> What you should do
Omit the pictures and return exactly the stretch of the material below from the line with "Smart Farming: How" through the line with "Girls with Surgical masks by gemenacom".
═══ Data extracts
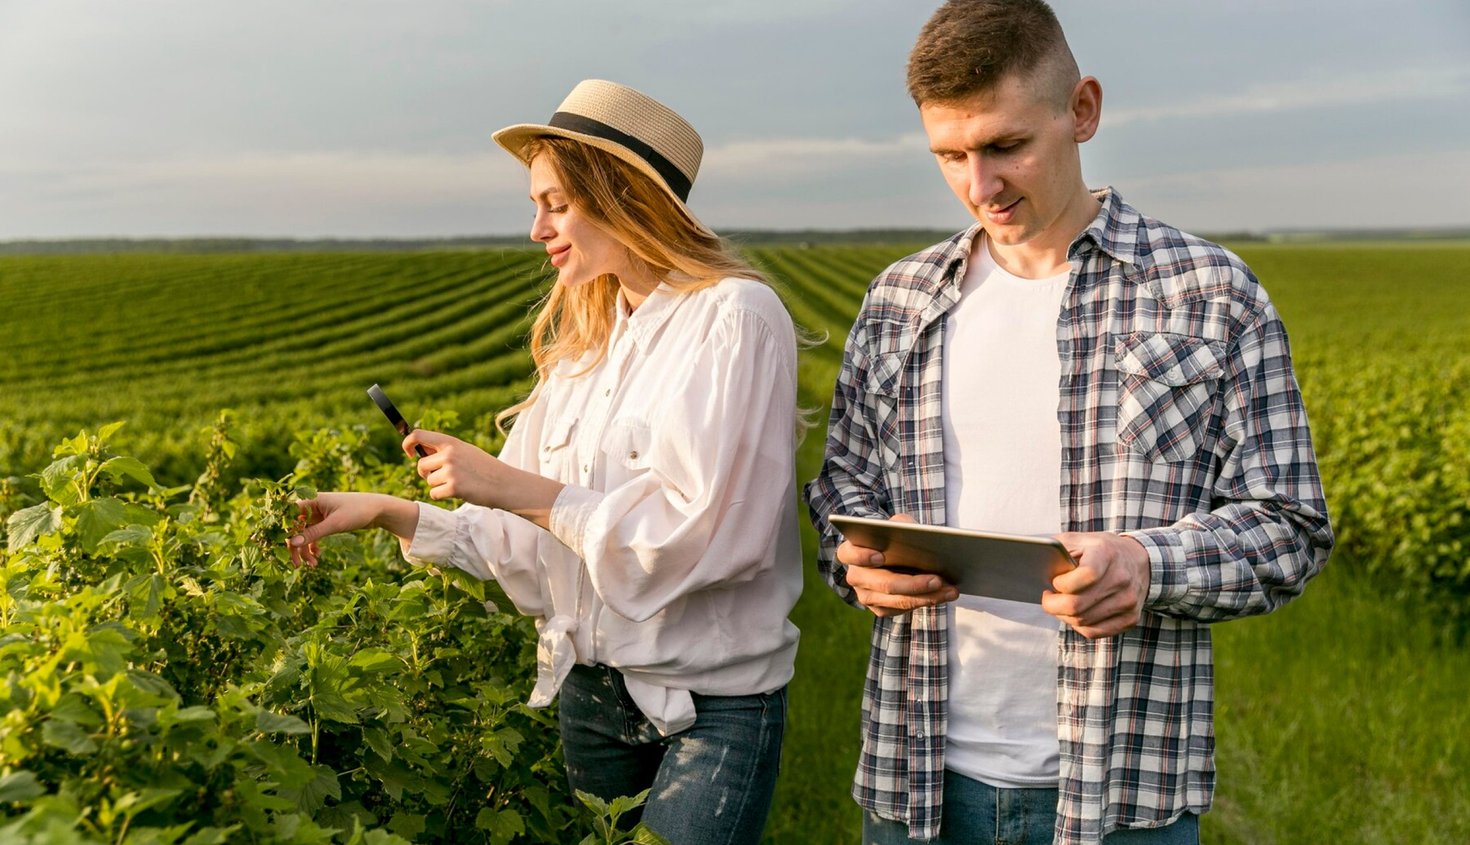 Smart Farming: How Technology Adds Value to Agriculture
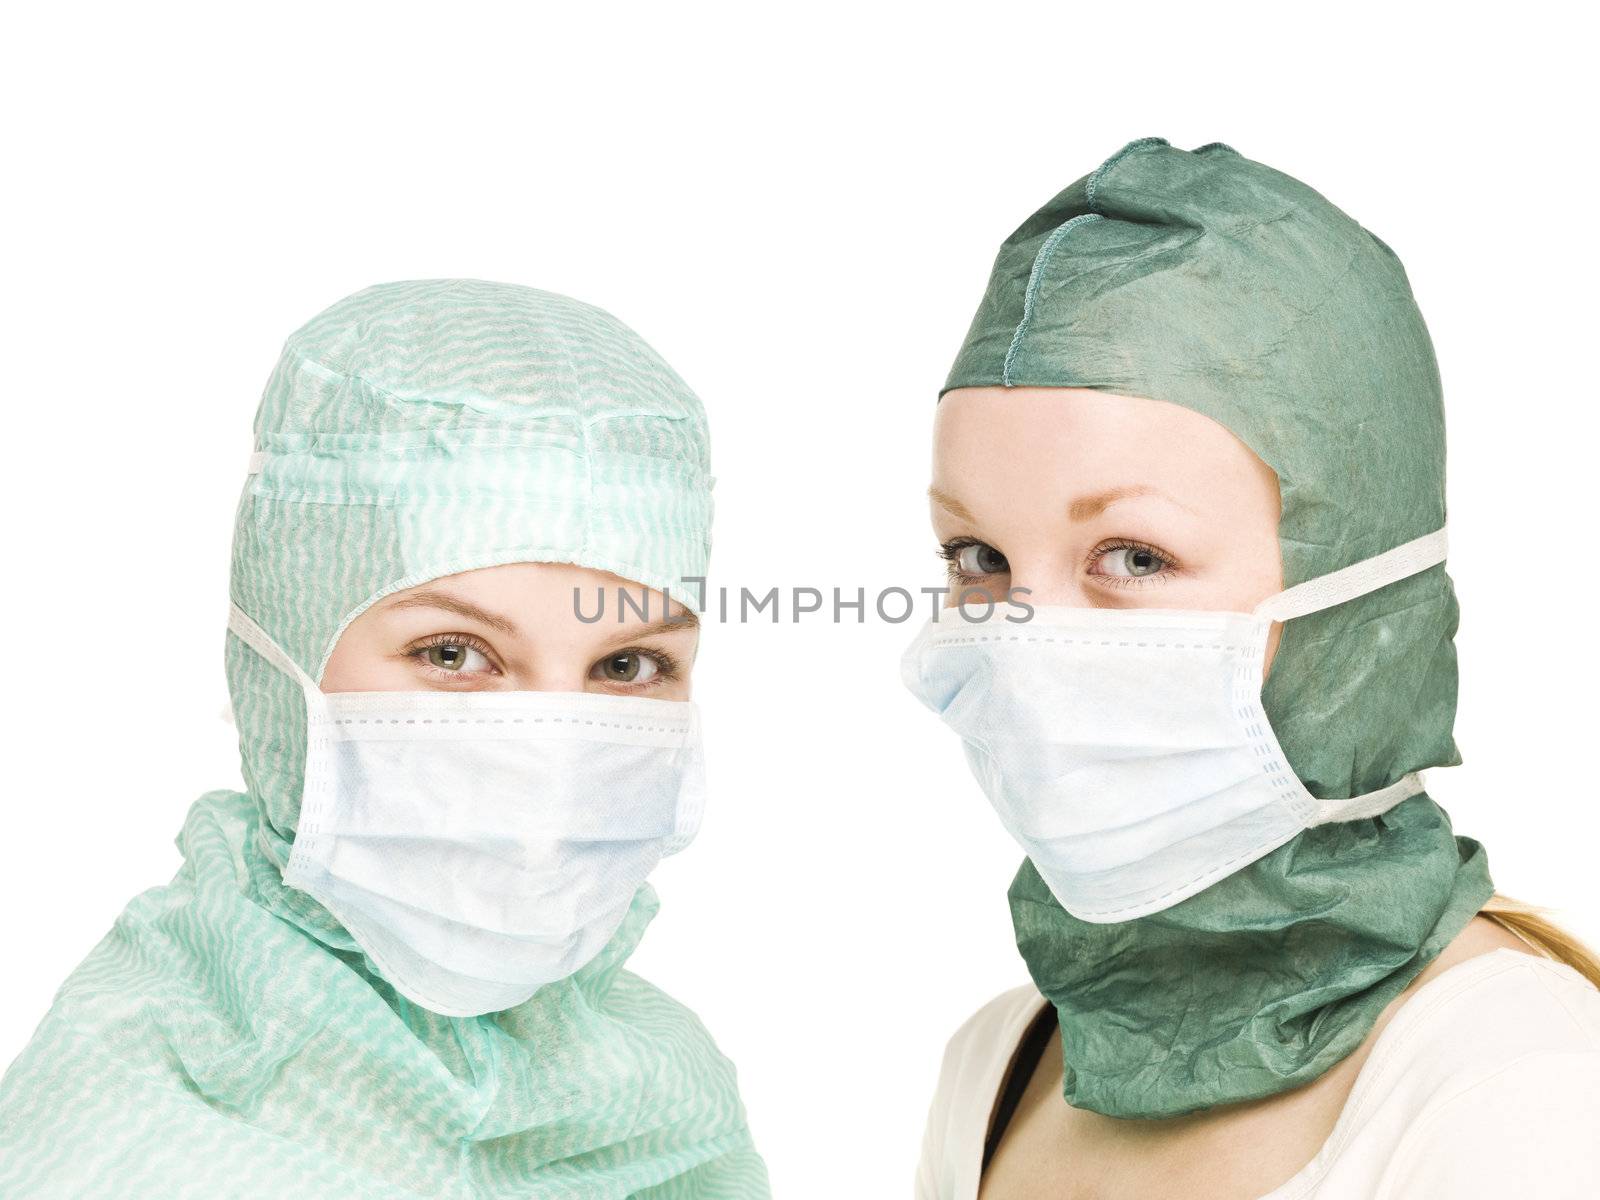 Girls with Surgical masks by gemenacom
══════
═══ Data extracts
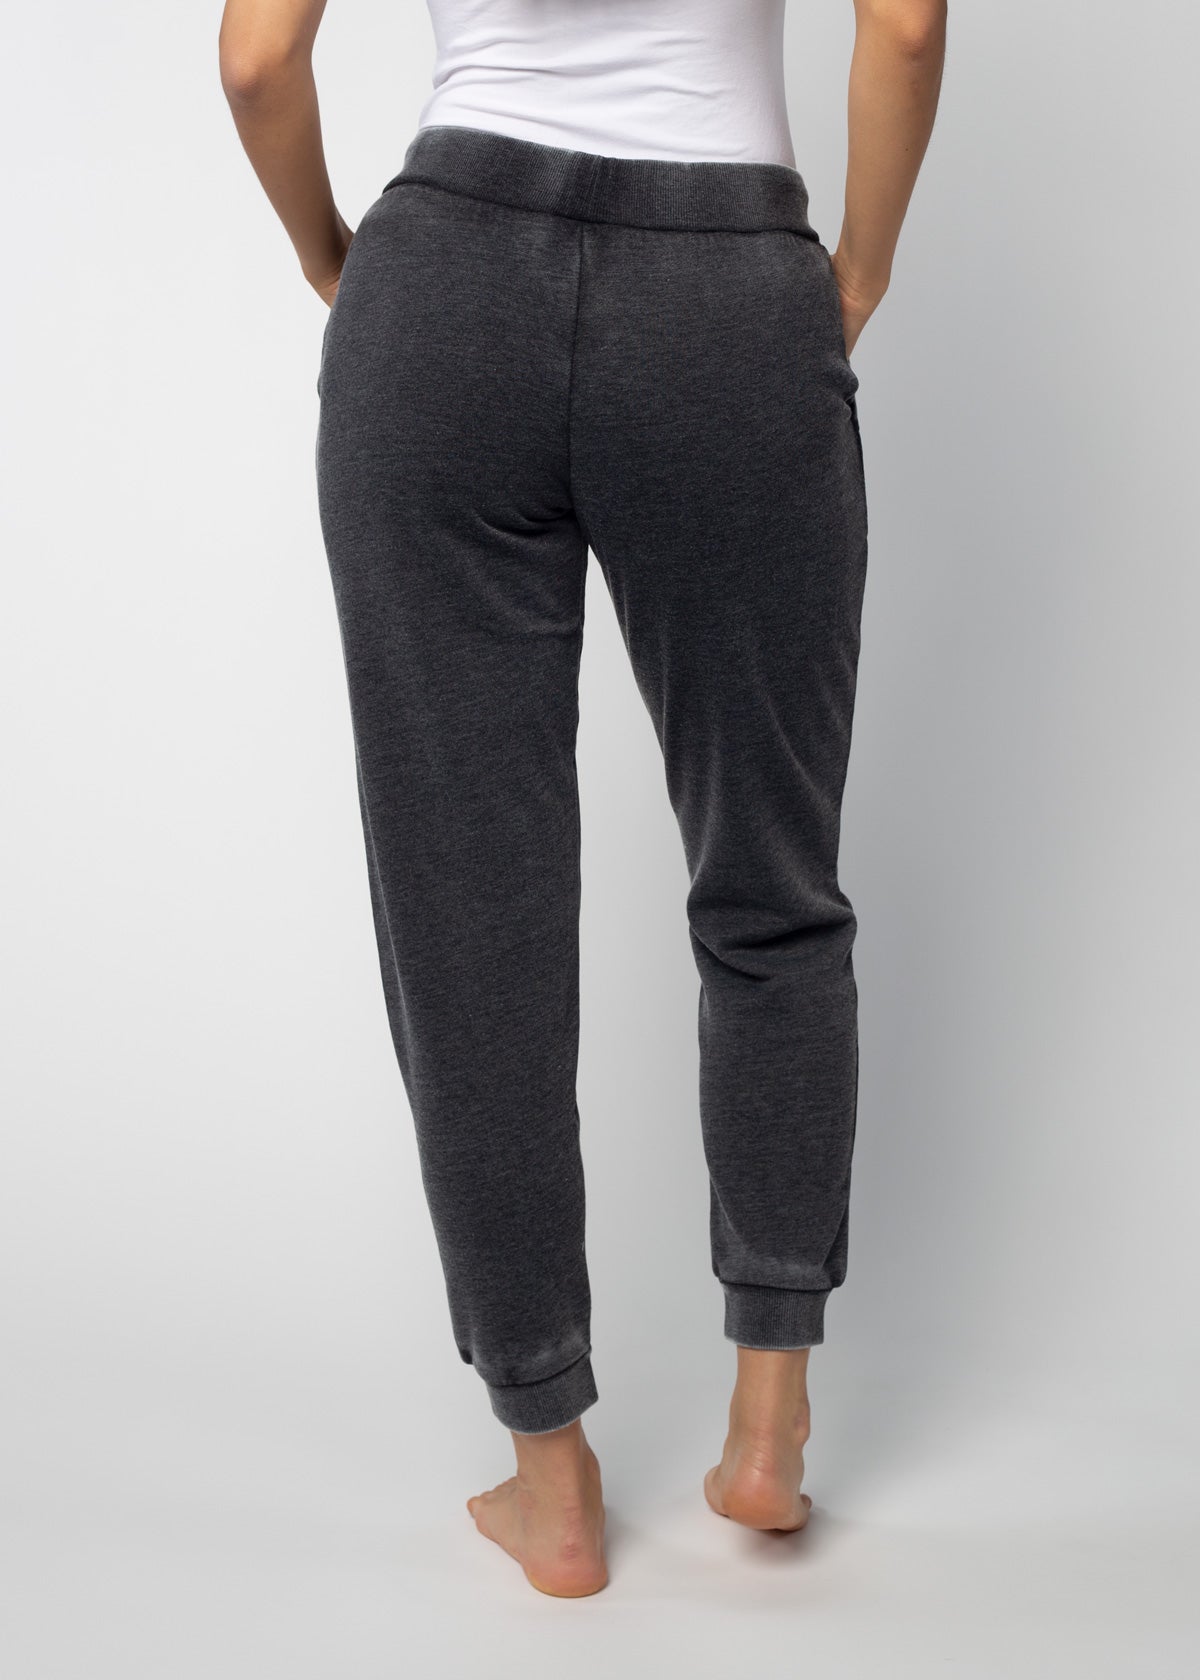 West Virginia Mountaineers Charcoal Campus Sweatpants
══════
═══ Data extracts
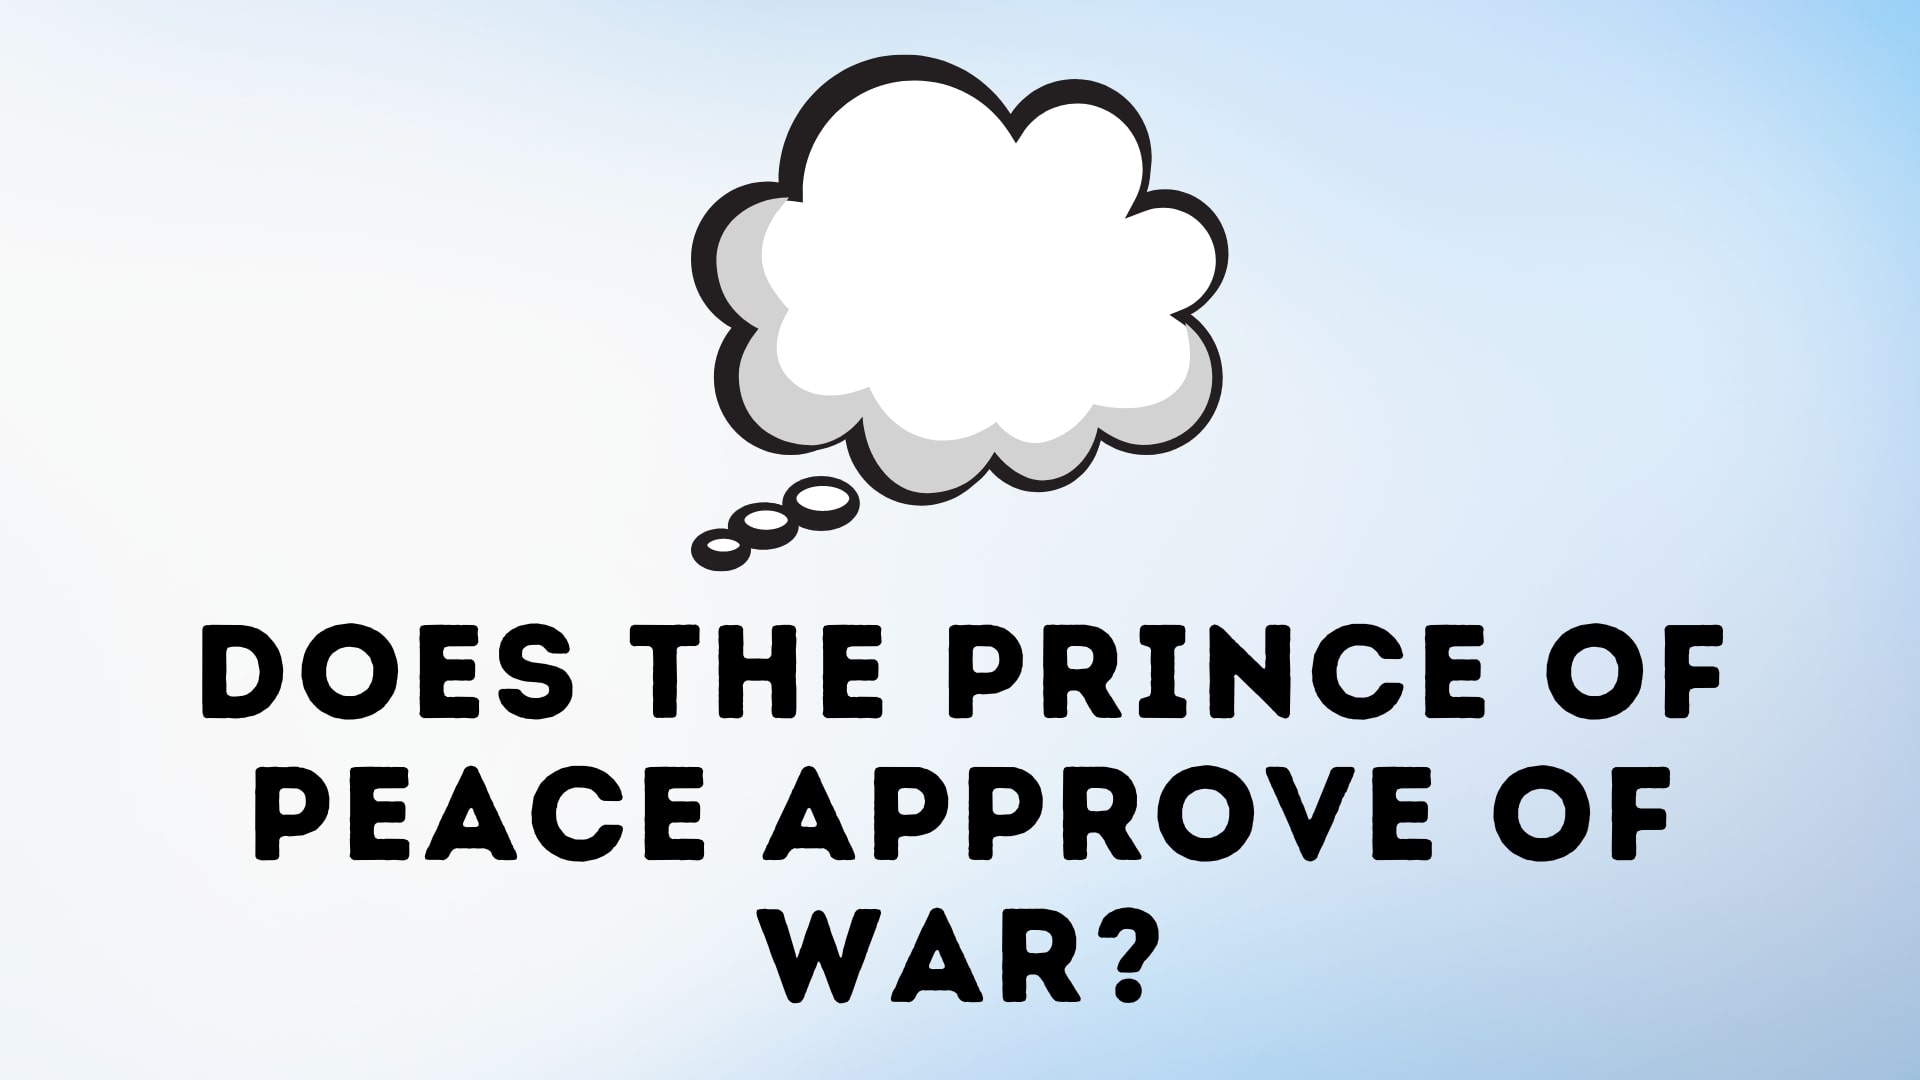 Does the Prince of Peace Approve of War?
══════
> Completed task
 Smart Farming: How Technology Adds Value to Agriculture
 Girls with Surgical masks by gemenacom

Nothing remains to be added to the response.